Insurers are not loving Senate's 'skinny repeal' plan

'Repeal-only' health amendment fails in Senate
'Repeal-only' health amendment fails in Senate

Premiums will skyrocket. Insurers will drop out. Americans will lose their coverage.

This is what could happen if the Senate passes a so-called "skinny repeal" plan that jettisons the individual mandate without also instituting policies that stabilize the market, warns one of the nation's leading insurance industry groups.

"Policies that do not stabilize the market and simply drop incentives for people to buy coverage will repeat what we have seen in the past: premiums will rise rapidly, few or no affordable coverage options will be available and more people will be uninsured," Marilyn Tavenner, CEO of America's Health Insurance Plans, wrote to Senate Majority Leader Mitch McConnell and Minority Leader Chuck Schumer on Thursday.

AHIP joined the Blue Cross Blue Shield Association in voicing serious concerns with the GOP's idea to repeal the individual mandate, which requires nearly all Americans to have health insurance or face a penalty. A provision like the individual mandate is critical to the market's stability because it brings in young and healthy people, who might otherwise remain uninsured until they need medical care. Their premiums help offset the higher costs of the sick.

Related: 'Skinny repeal' of Obamacare would wreck the insurance market

Senate Republicans are drafting a slimmed-down version of their bill to dismantle Obamacare as a way to keep the repeal effort alive. The chamber's leaders have yet to release the text, but a central provision of the "skinny repeal" proposal is expected to be repealing the mandate, one of the least popular parts of the law.

The skinny proposal likely does not include any replacement ideas -- lawmakers would have to hammer out a final proposal with the House in conference committee.

The bill the House passed in May would allow insurers to levy a 30% surcharge on those who let their coverage lapse but then seek to sign up for new policies. States could also obtain waivers to let insurers charge enrollees based on their health history if they were uninsured.

The Senate, meanwhile, had included a provision in an earlier repeal and replace bill that would institute a six-month waiting period for those who sign up for coverage after being uninsured.

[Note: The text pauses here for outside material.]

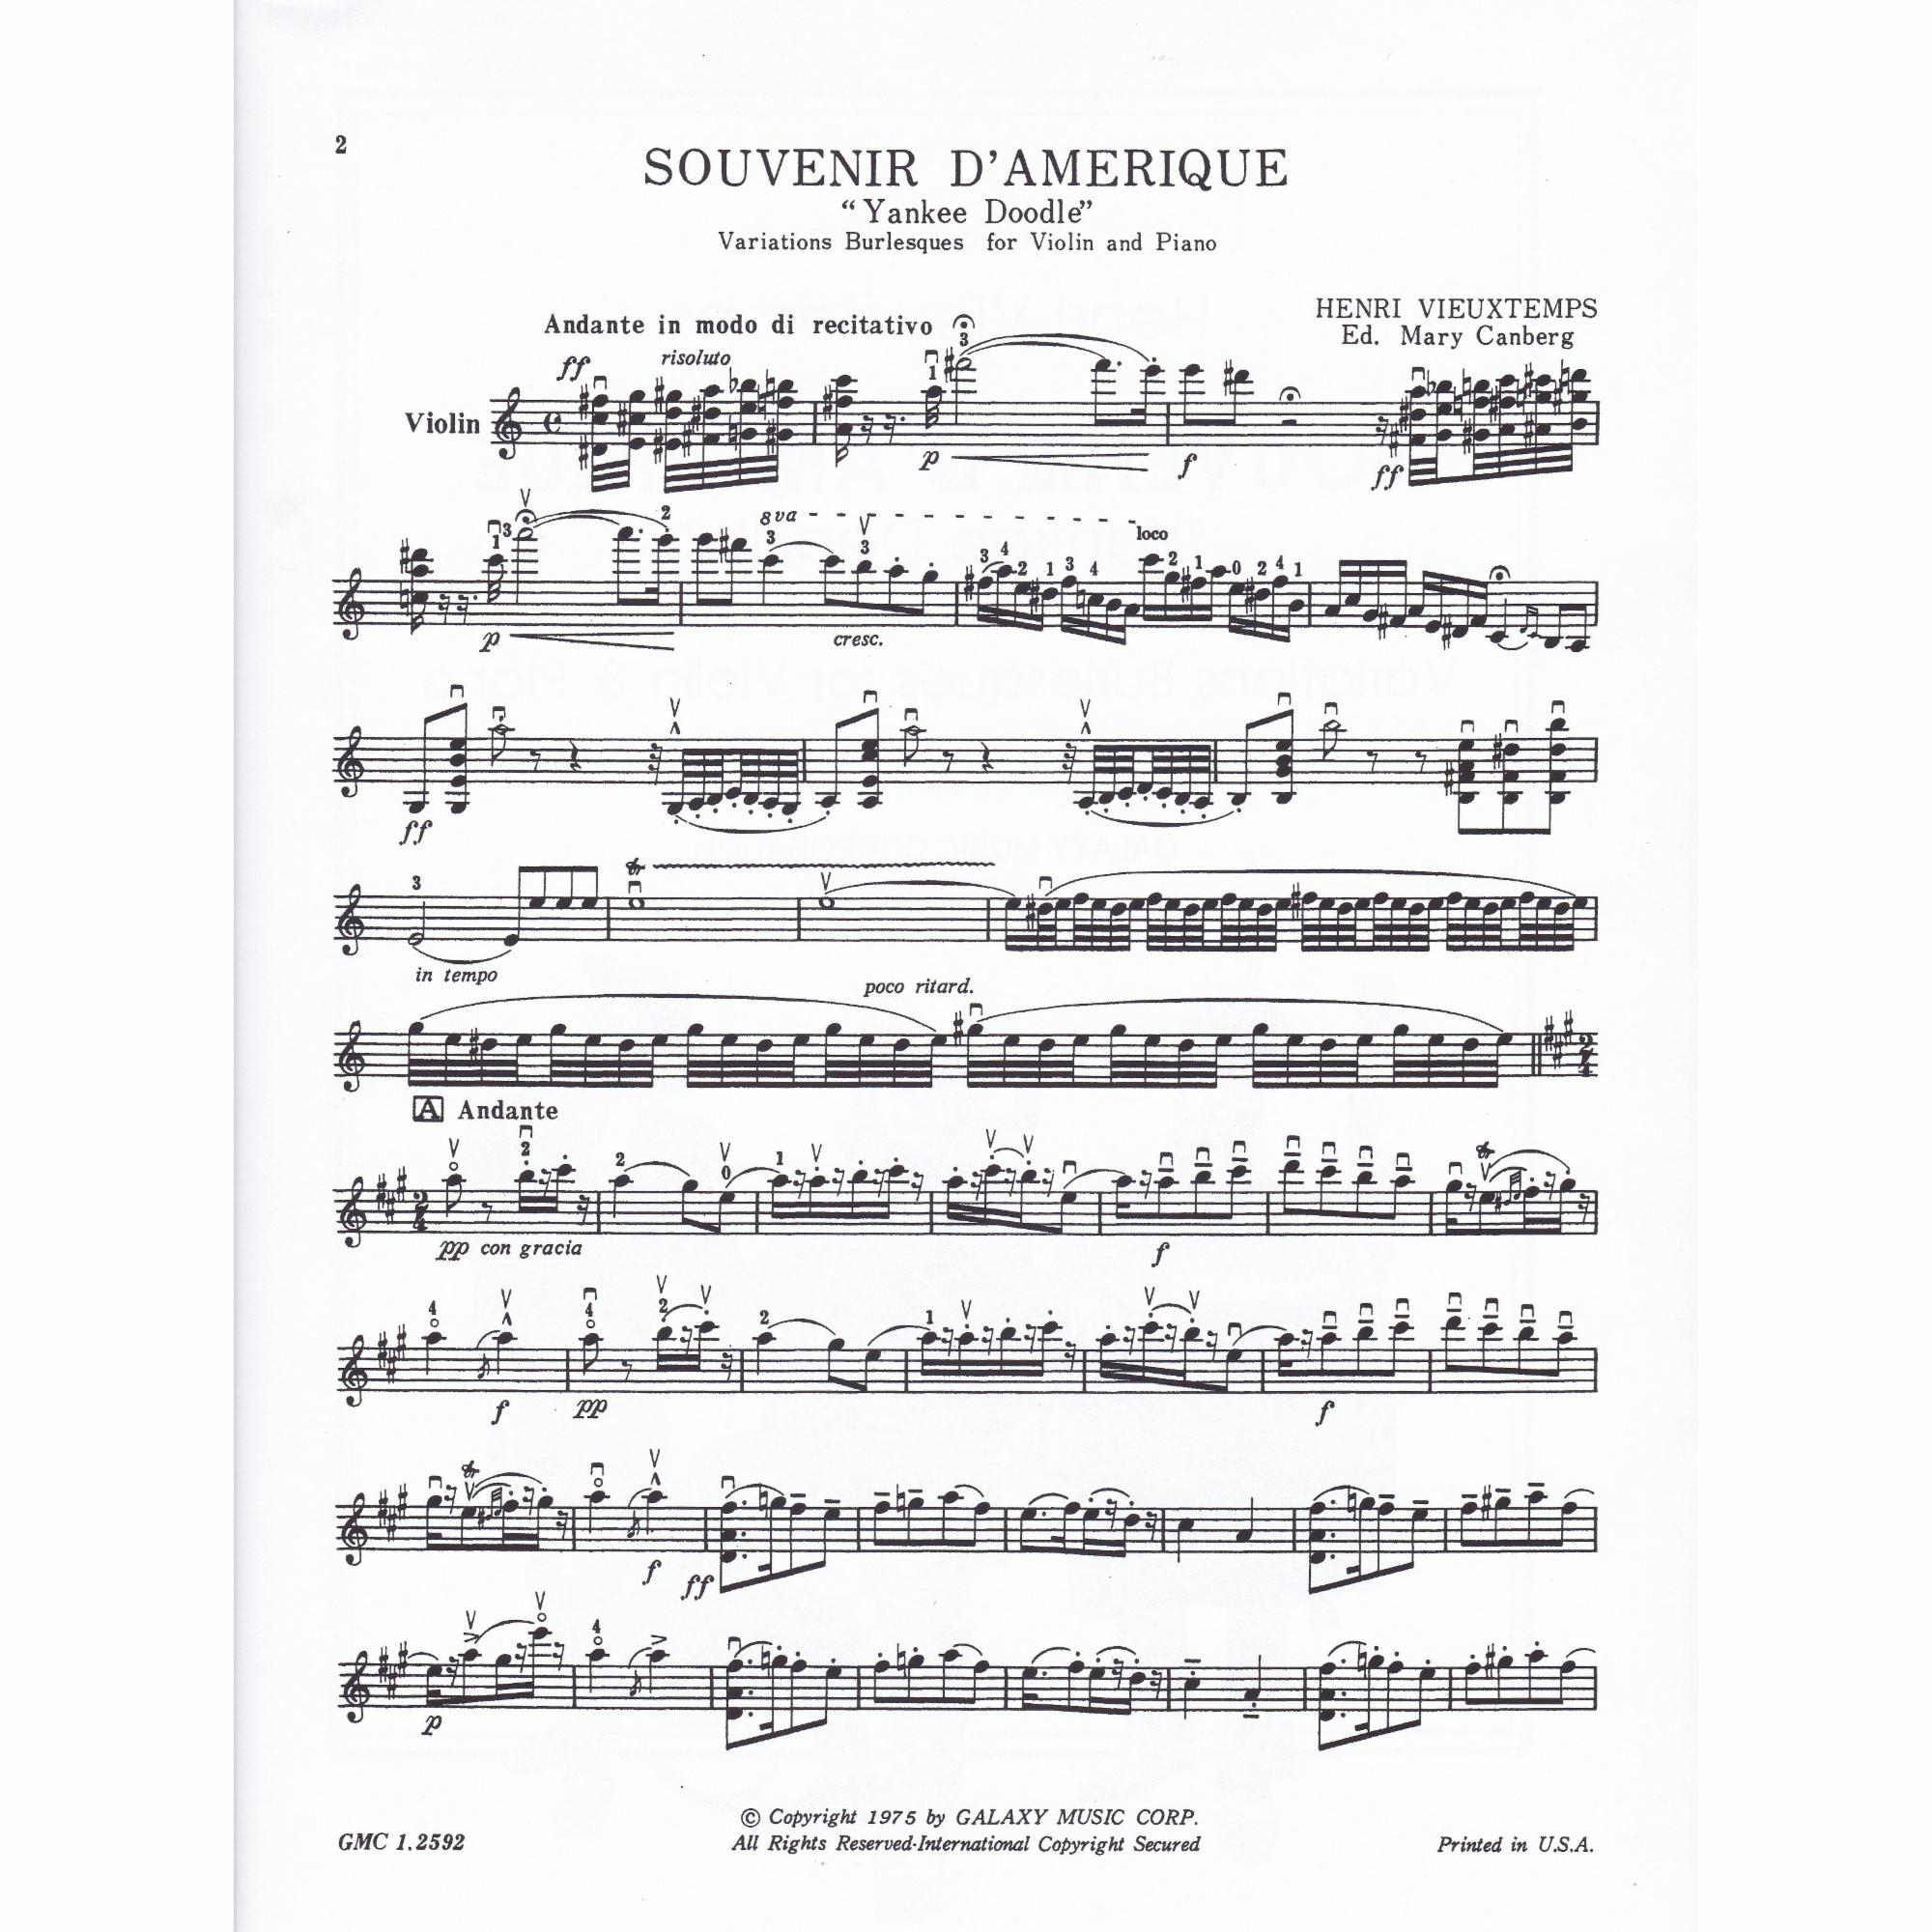 Souvenir d'Amerique for Violin and Piano, Op. 17

But the chamber's parliamentarian advised last week that the waiting period doesn't comply with the Senate rules for passing the bill with a simple majority.

Insurers say any legislation must contain sticks that incentivize people to remain insured. This is especially important if Congress retains Obamacare regulations that prevent insurers from rejecting consumers or charging them more based on their medical histories.

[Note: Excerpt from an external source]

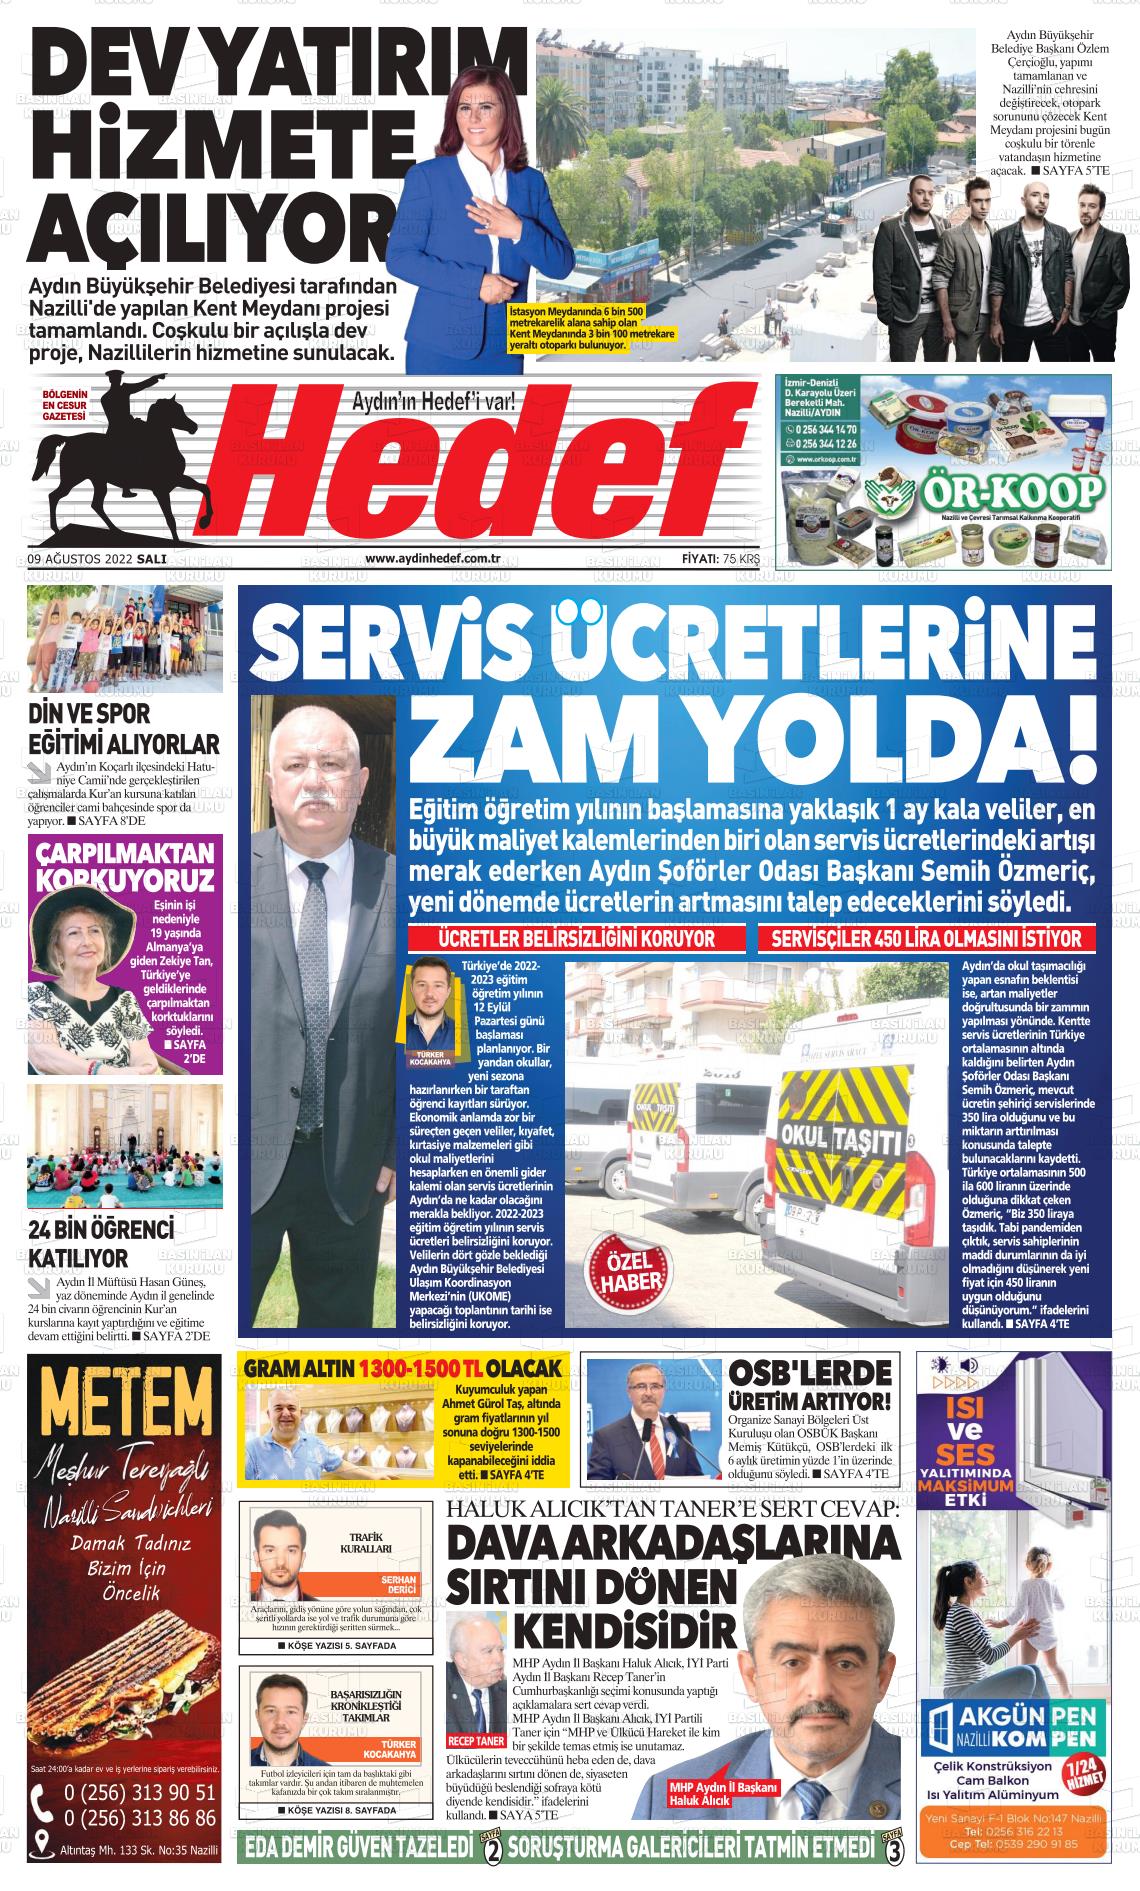 09 Ağustos 2022 Aydın Hedef Gazete Manşeti

Related: Health care debate: Senate vote-a-rama and the 'skinny bill'

"If there is no longer a requirement for everyone to purchase coverage, it is critical that any legislation include strong incentives for people to obtain health insurance and keep it year-round," the Blue Cross Blue Shield Association said in a statement Wednesday. "A system that allows people to purchase coverage only when they need it drives up costs for everyone."

Insurers reminded lawmakers of what else it will take for them to stay in the market. They want a guarantee that Obamacare's cost-sharing subsidies will be paid, and they would like the health insurance tax eliminated.

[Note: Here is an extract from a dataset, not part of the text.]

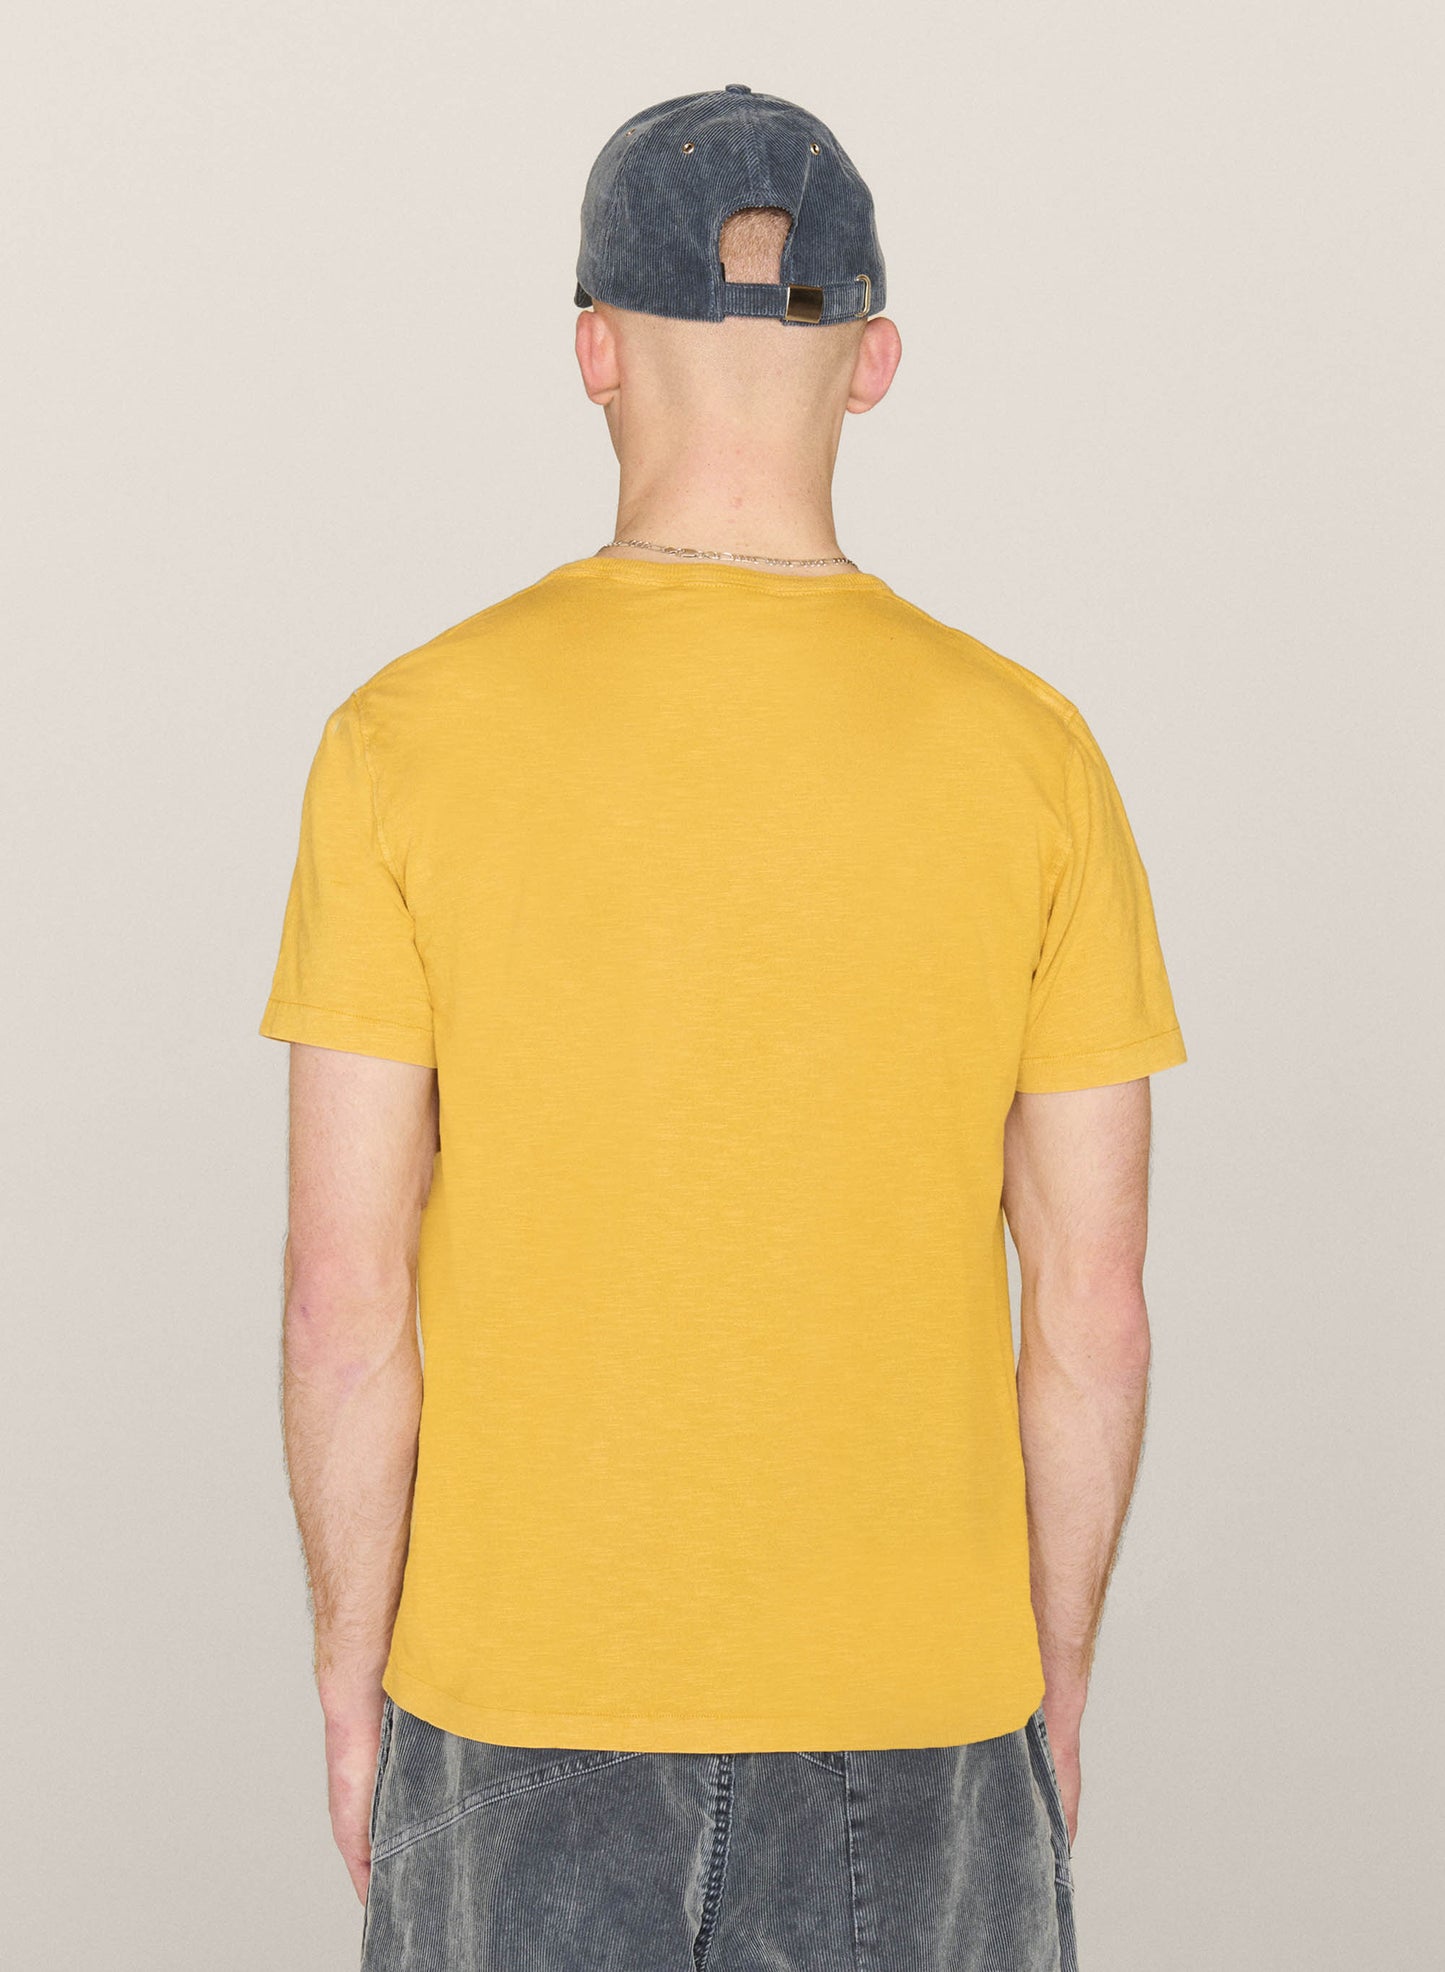 YMC Wild Ones T-Shirt - Yellow

Carriers also pointed out that they only have until mid-August before they have to finalize their 2018 premiums. Many have asked for large rate increases because of the uncertainty emanating out of Washington D.C.

Insurers are not the only ones who are concerned about the Senate's "skinny repeal" plan. The American Medical Association, the American Academy of Actuaries and others have said it could wreak havoc in the individual insurance market.